Planned features and limitations
This section lists planned features and current limitations of Contrast.
Availability
- Platform support: At present, Contrast is exclusively available on Azure AKS, supported by the Confidential Container preview for AKS. Expansion to other cloud platforms is planned, pending the availability of necessary infrastructure enhancements.
- Bare-metal support: Support for running Contrast on bare-metal Kubernetes is available for AMD SEV-SNP and Intel TDX.
Kubernetes features
- Persistent volumes: Contrast only supports volumes with
volumeMode: Block
. These block devices are provided by the untrusted environment and should be treated accordingly. We plan to provide transparent encryption on top of block devices in a future release. - Port forwarding: This feature isn't yet supported by Kata Containers. You can deploy a port-forwarder as a workaround.

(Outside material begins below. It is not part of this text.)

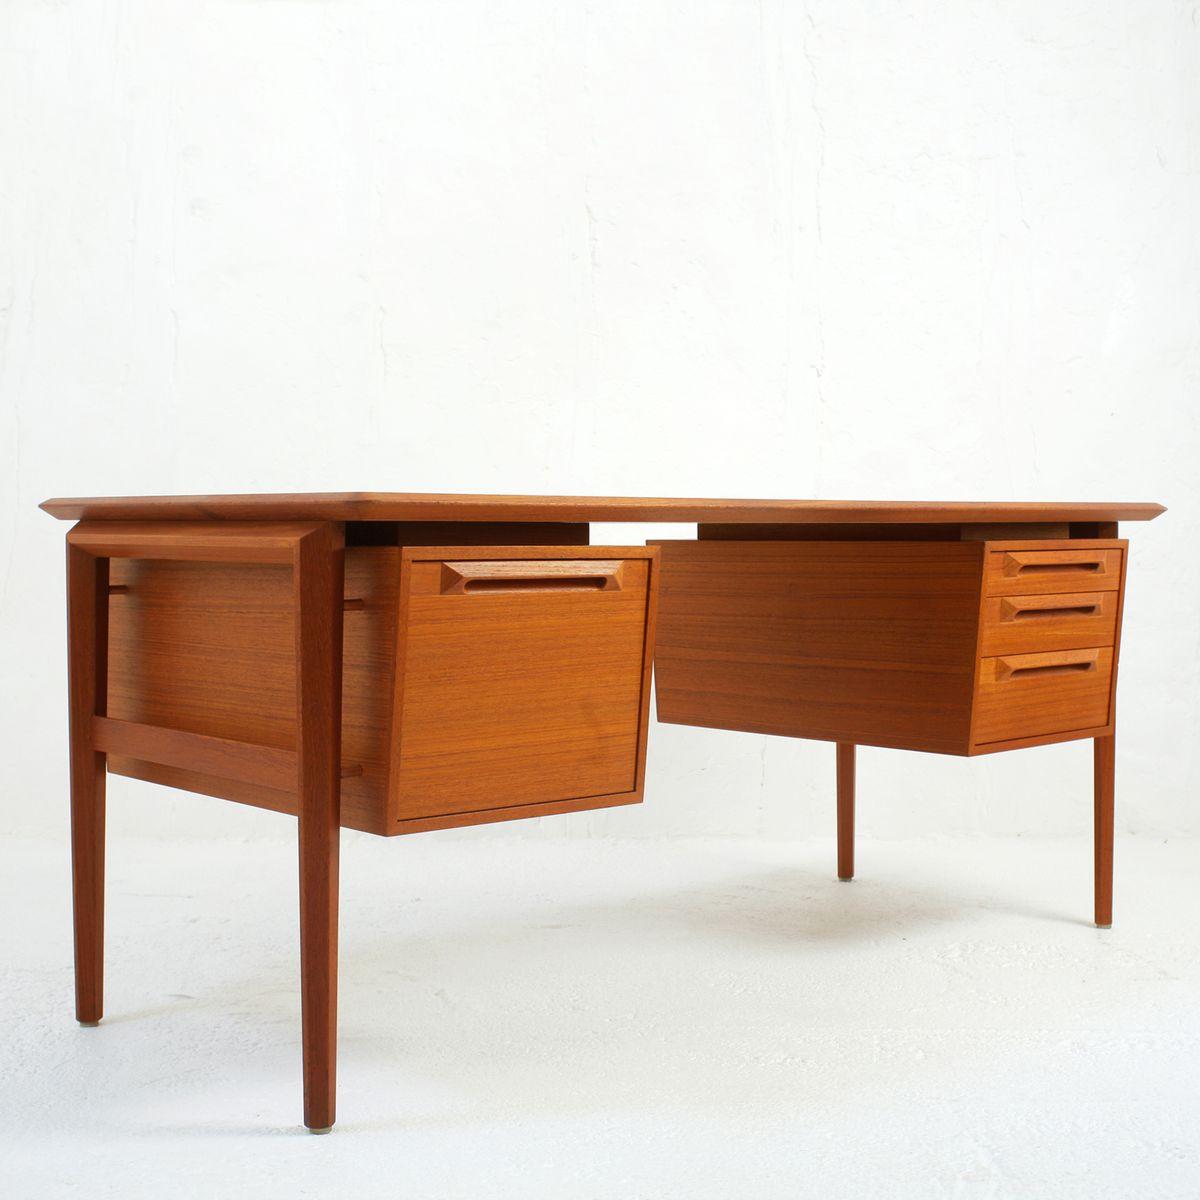 Swedish Teak Desk by Ib Kofod Larsen for Seffle Mobelfabrik, 1960s for sale at Pamono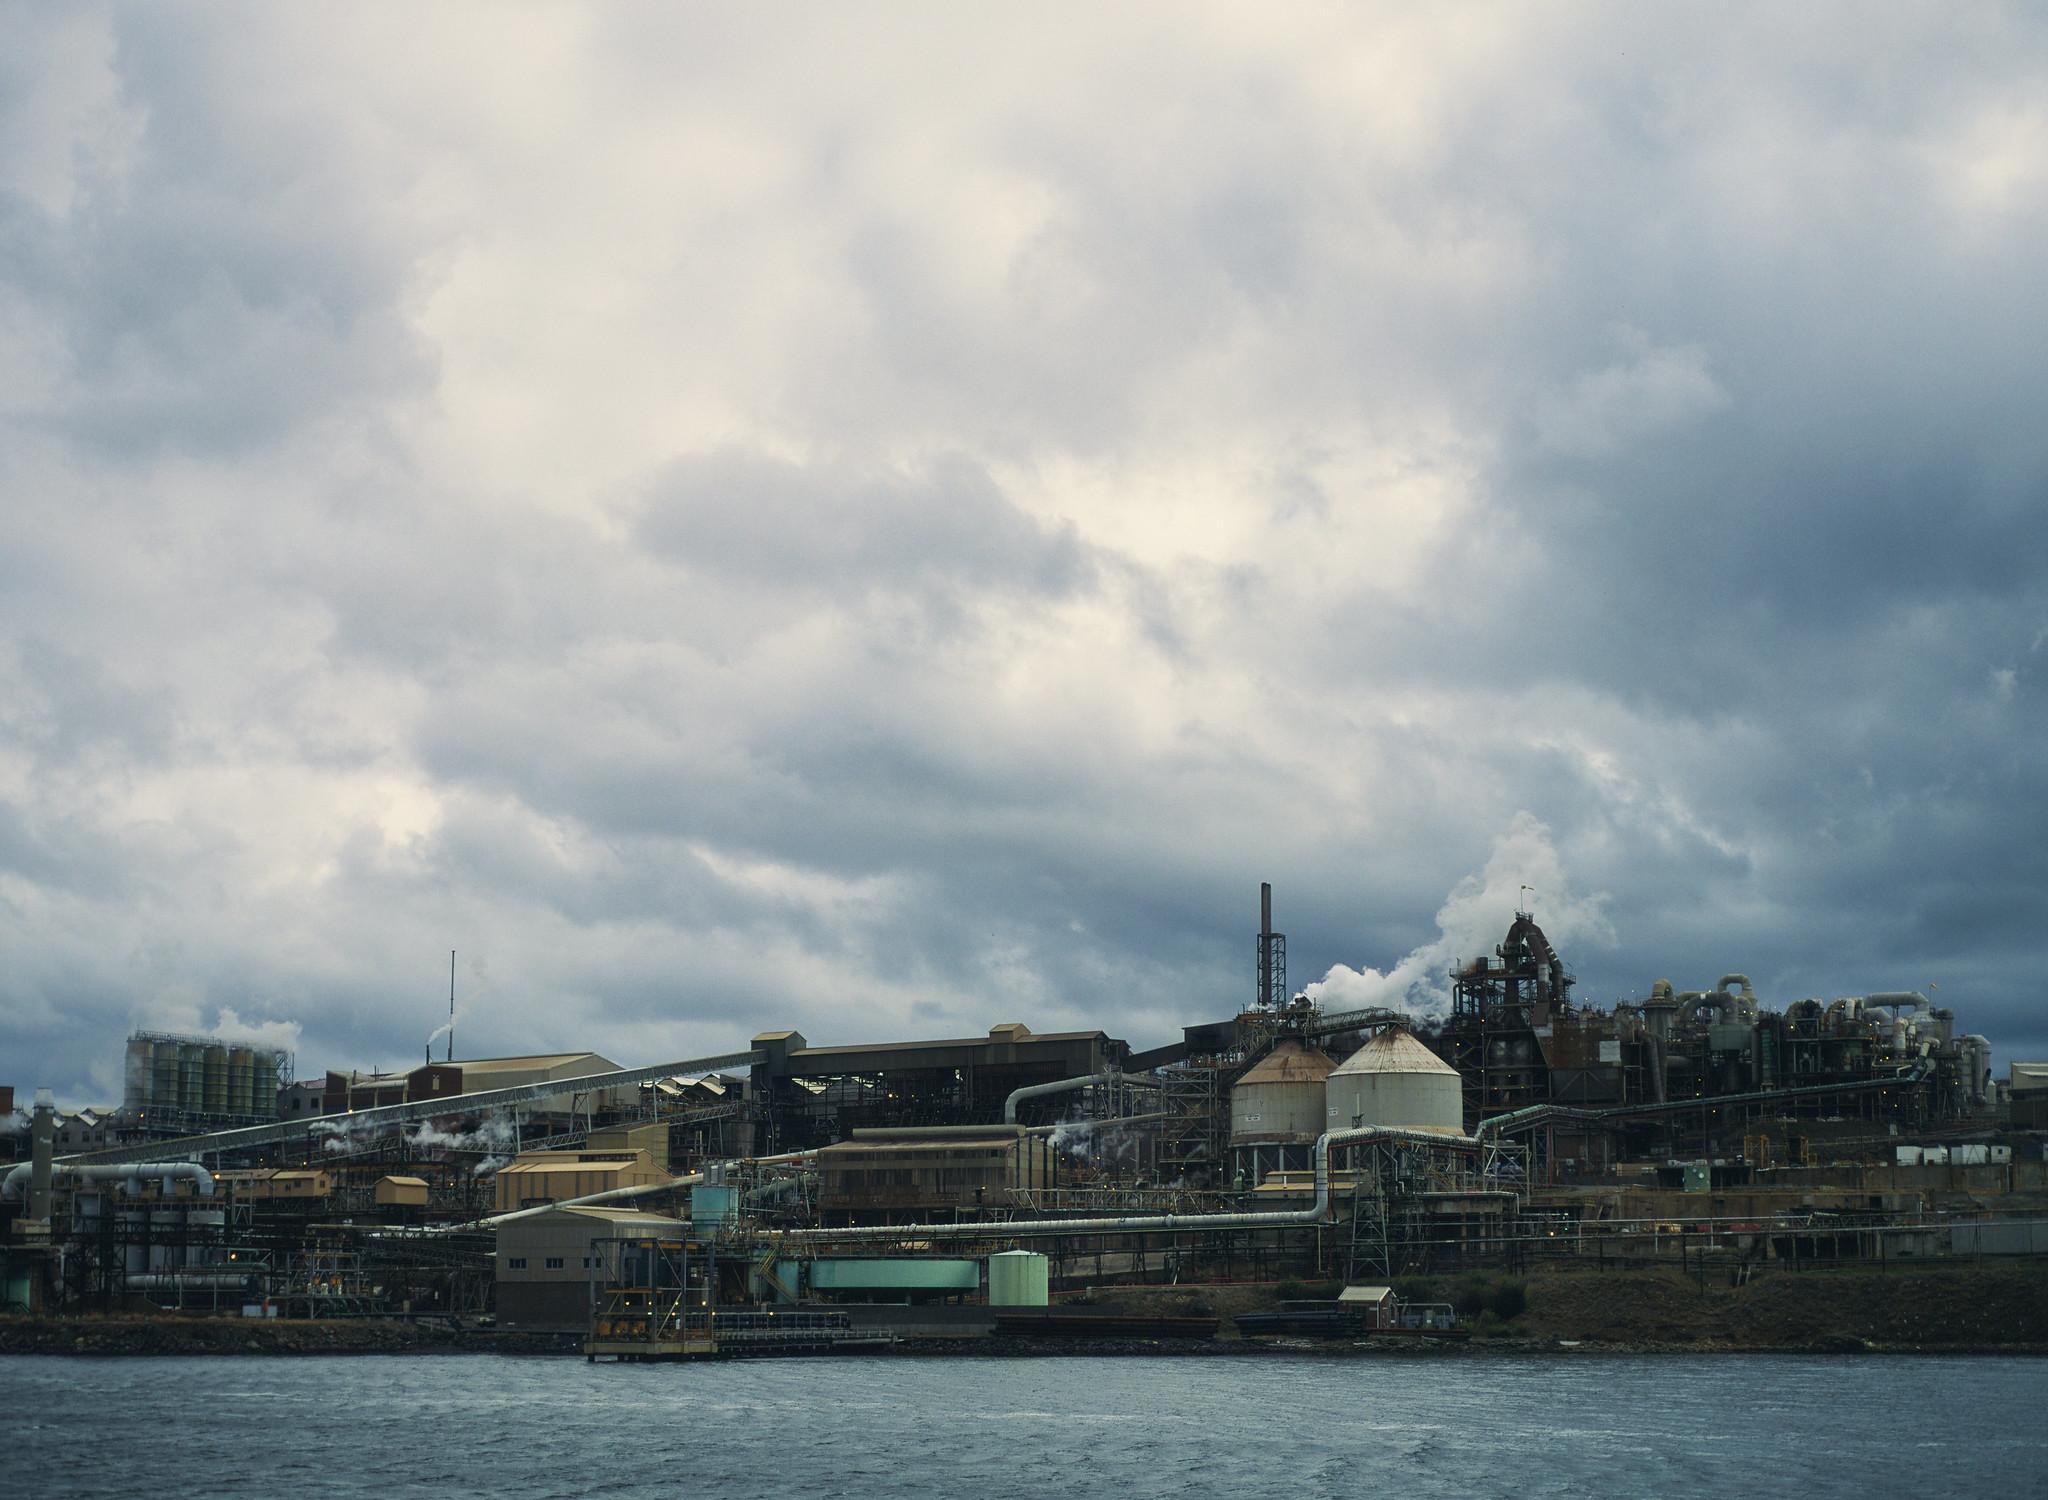 Incat Shipyard

- Resource limits: There is an existing bug on AKS where container memory limits are incorrectly applied. The current workaround involves using only memory requests instead of limits.
Runtime policies
- Coverage: While the enforcement of workload policies generally functions well, there are scenarios not yet fully covered. It's crucial to review deployments specifically for these edge cases.
- Order of events: The current policy evaluation mechanism on API requests isn't stateful, so it can't ensure a prescribed order of events. Consequently, there's no guaranteed enforcement that the service mesh sidecar container runs before the workload container. This order ensures that all traffic between pods is securely encapsulated within TLS connections.
- Absence of events: Policies can't ensure certain events have happened. A container, such as the service mesh sidecar, can be omitted entirely. Environment variables may be missing.
- Volume integrity checks: Integrity checks don't cover any volume mounts, such as
ConfigMaps
andSecrets
.
warning
The policy limitations, in particular the missing guarantee that our service mesh sidecar has been started before the workload container, affect the service mesh implementation of Contrast. Currently, this requires inspecting the iptables rules on startup or terminating TLS connections in the workload directly.
Tooling integration
- CLI availability: The CLI tool is currently only available for Linux. This limitation arises because certain upstream dependencies haven't yet been ported to other platforms.
Automatic recovery and high availability
The Contrast Coordinator is a singleton and can't be scaled to more than one instance. When this instance's pod is restarted, for example for node maintenance, it needs to be recovered manually. In a future release, we plan to support distributed Coordinator instances that can recover automatically.